Learning Intents behind Interactions with Knowledge Graph for Recommendation (2102.07057v1)

Abstract: Knowledge graph (KG) plays an increasingly important role in recommender systems. A recent technical trend is to develop end-to-end models founded on graph neural networks (GNNs). However, existing GNN-based models are coarse-grained in relational modeling, failing to (1) identify user-item relation at a fine-grained level of intents, and (2) exploit relation dependencies to preserve the semantics of long-range connectivity. In this study, we explore intents behind a user-item interaction by using auxiliary item knowledge, and propose a new model, Knowledge Graph-based Intent Network (KGIN). Technically, we model each intent as an attentive combination of KG relations, encouraging the independence of different intents for better model capability and interpretability. Furthermore, we devise a new information aggregation scheme for GNN, which recursively integrates the relation sequences of long-range connectivity (i.e., relational paths). This scheme allows us to distill useful information about user intents and encode them into the representations of users and items. Experimental results on three benchmark datasets show that, KGIN achieves significant improvements over the state-of-the-art methods like KGAT, KGNN-LS, and CKAN. Further analyses show that KGIN offers interpretable explanations for predictions by identifying influential intents and relational paths. The implementations are available at https://github.com/huangtinglin/Knowledge_Graph_based_Intent_Network.

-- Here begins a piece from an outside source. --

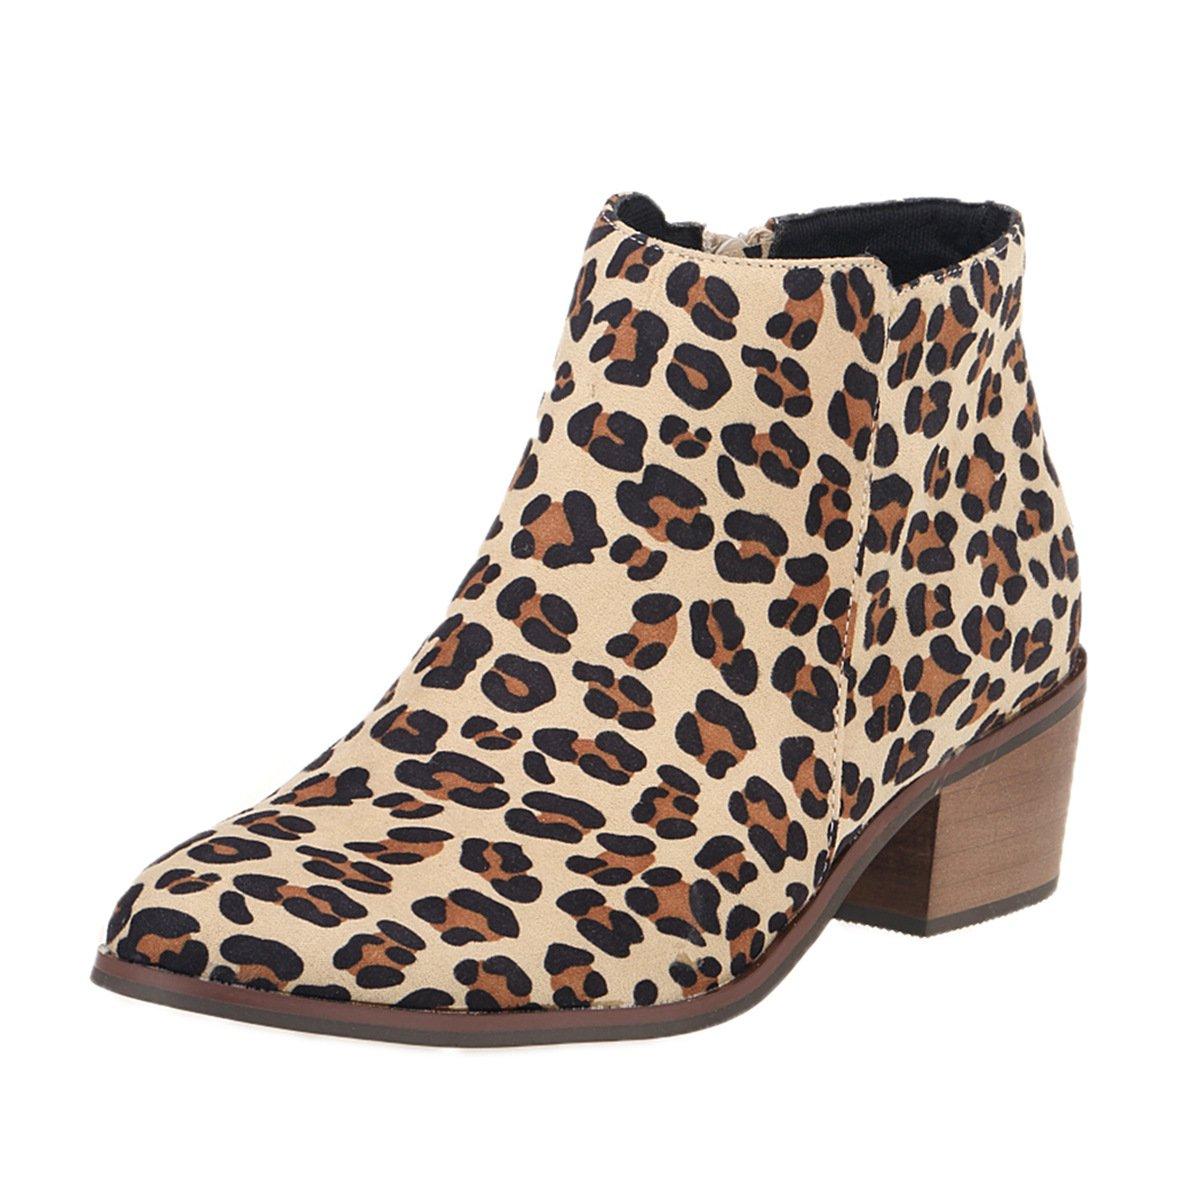 DYF Frauen Schuhe Kurze Stiefel Farbe Größe Scharfe Rauhe Ferse Reißverschluss Muster FLA 37
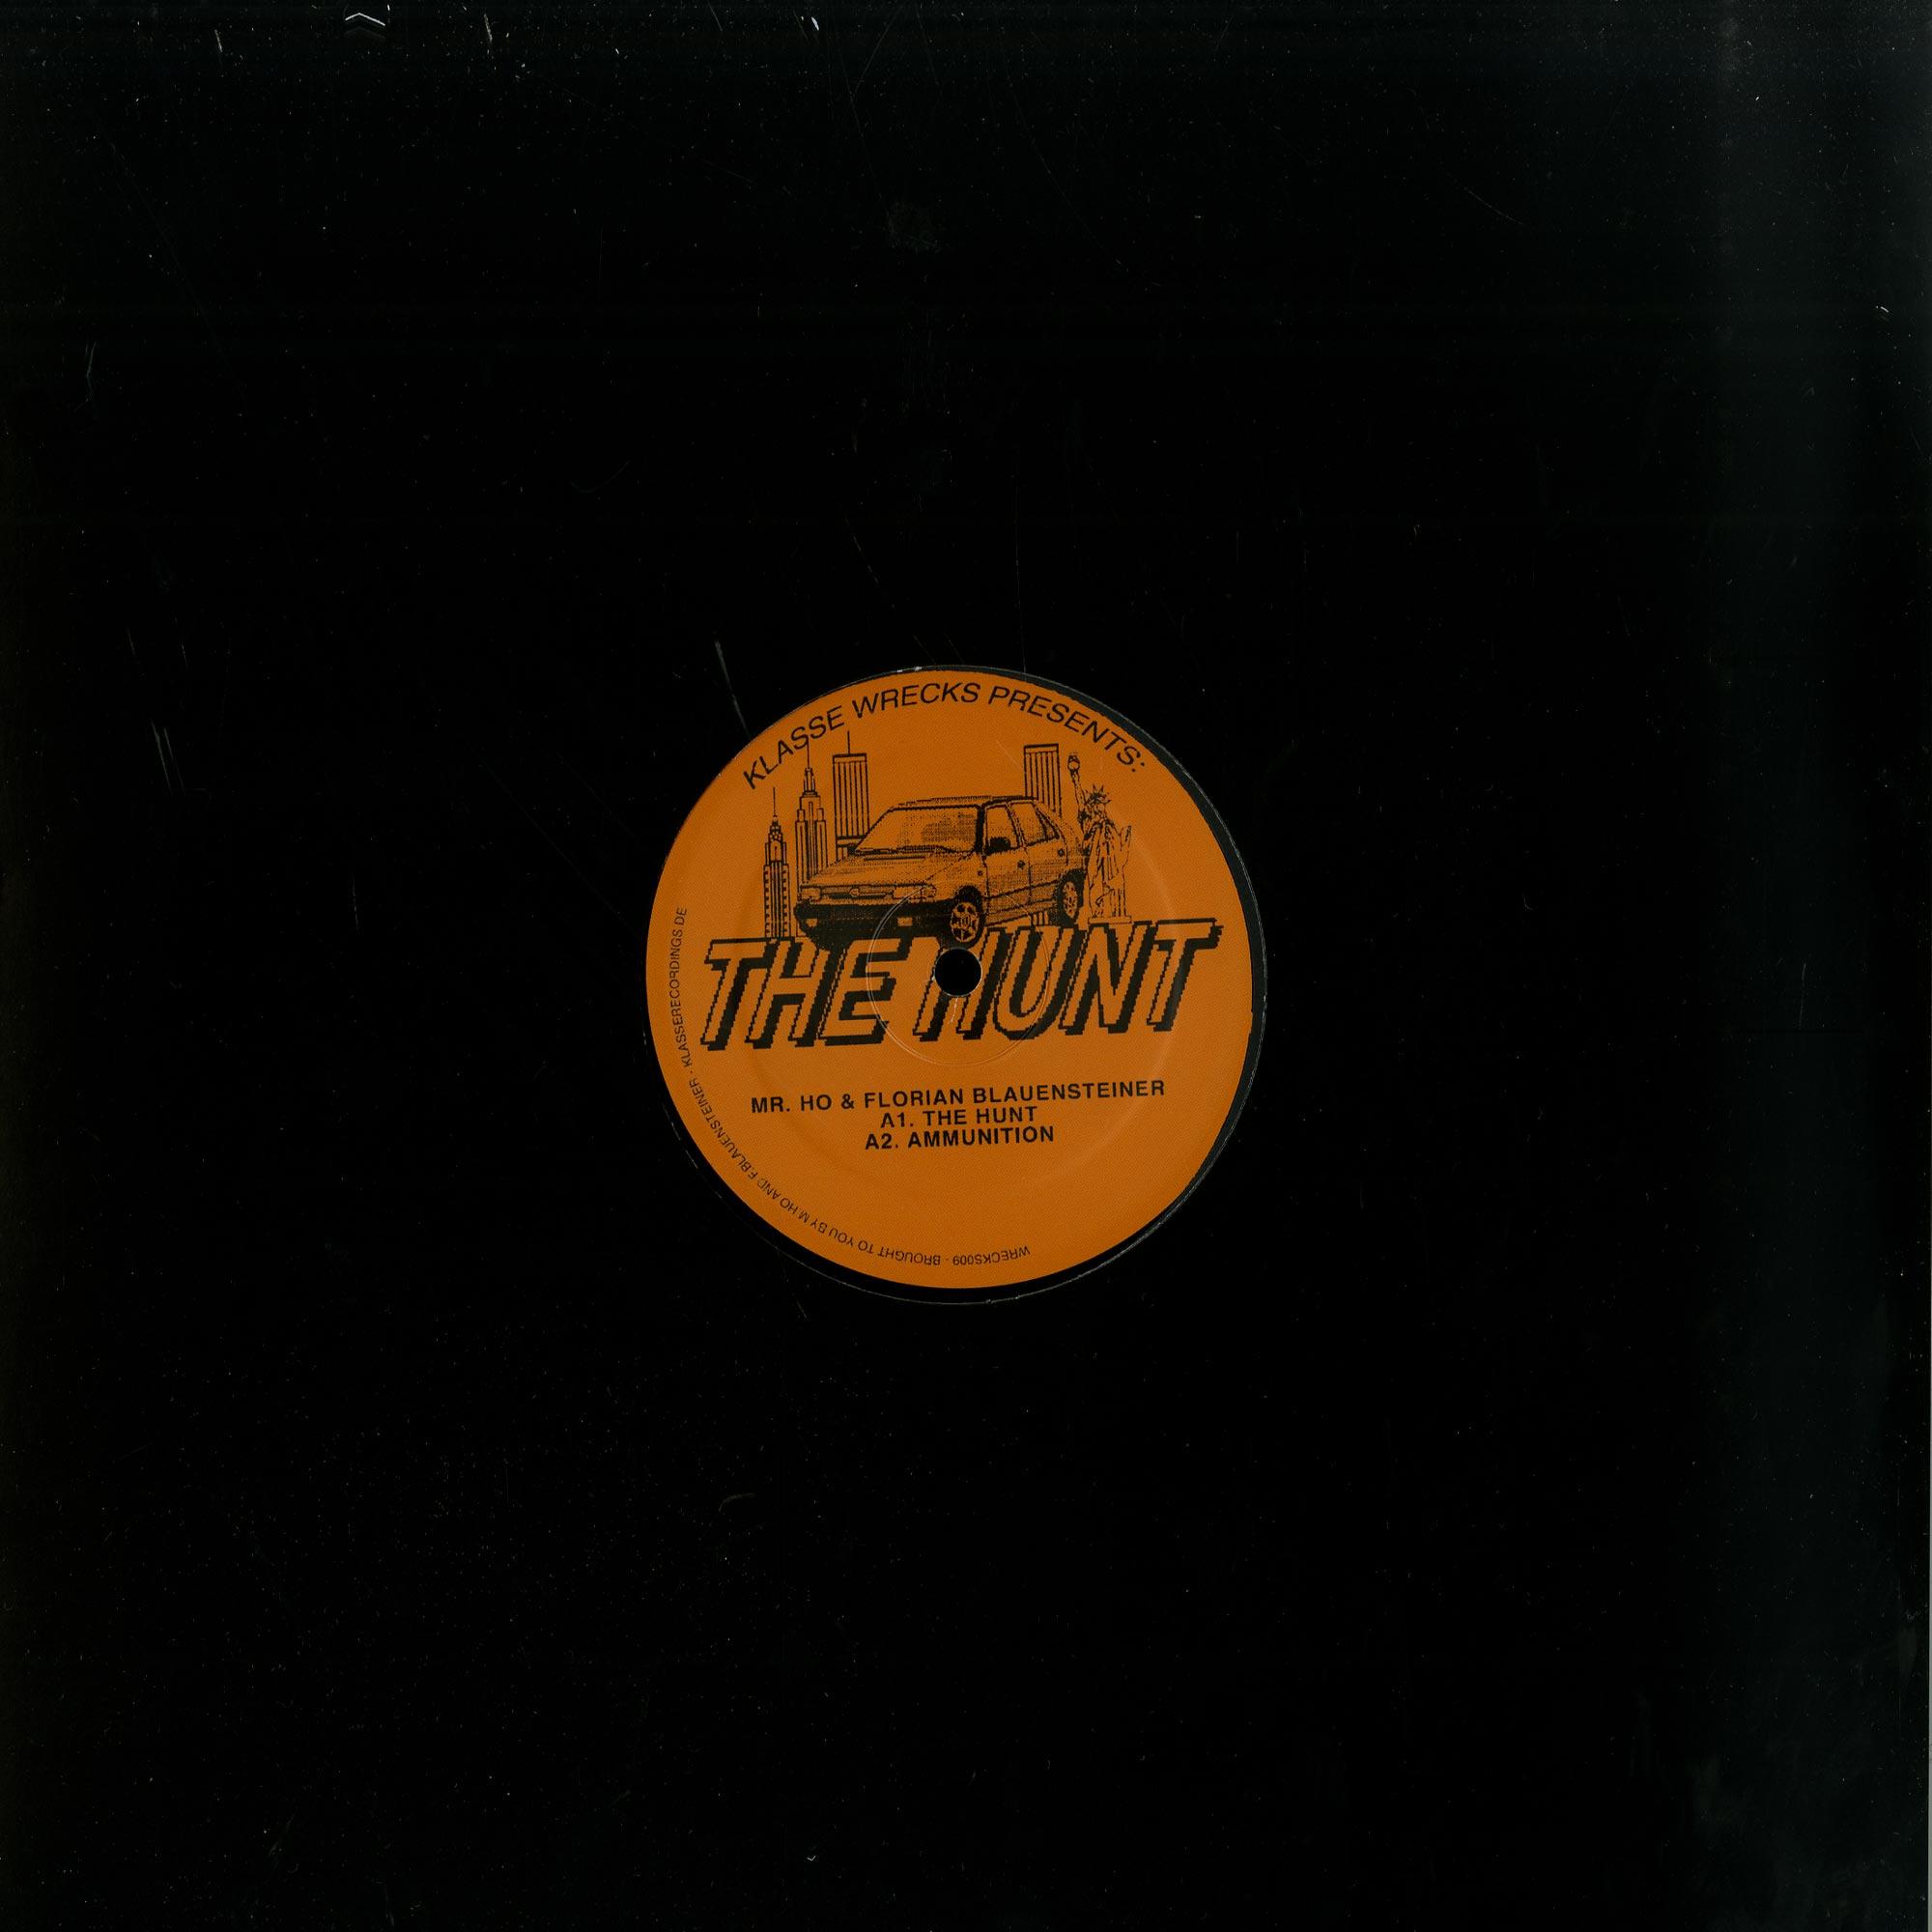 Mr Ho & Florian Blauensteiner - THE HUNT EP

Overview of "Learning Intents behind Interactions with Knowledge Graph for Recommendation"

The paper "Learning Intents behind Interactions with Knowledge Graph for Recommendation" presents a novel approach to enhance the efficacy of recommender systems utilizing knowledge graphs (KGs). The proposed solution, Knowledge Graph-based Intent Network (KGIN), confronts the challenges of coarse-grained relational modeling in existing graph neural network (GNN) based models by distinguishing user-item relationships through the lens of underlying intents and leveraging relational dependencies within knowledge graphs.

Technical Contributions

1. Intent-based Modeling: The paper introduces a mechanism to model user intents explicitly, enriching user-item interactions with these intents. Unlike traditional models that treat user-item relations uniformly, KGIN decomposes relationships into multiple intents, each associated with a distribution over KG relations. This approach allows for distilling significant differences among intents, enhancing both model capacity and interpretability.
2. Relational Path-aware Aggregation: KGIN advances the GNN-based recommender systems by incorporating a novel information aggregation scheme. This scheme emphasizes recursive integration of relational paths to capture the semantics of long-range connectivity within the KG. By focusing on relational dependencies rather than solely node-centric aggregation, KGIN effectively captures and encodes the complex interactions and information flows inherent in the KG structure.
3. Empirical Validation: Experimental evaluations conducted across three benchmark datasets demonstrate that KGIN significantly outperforms state-of-the-art methods such as KGAT, KGNN-LS, and CKAN in terms of recommendation accuracy. The utilization of multiple intents coupled with relational path-awareness provides robust interpretability and a nuanced understanding of user behavior by identifying influential intents and relational pathways that inform recommendations.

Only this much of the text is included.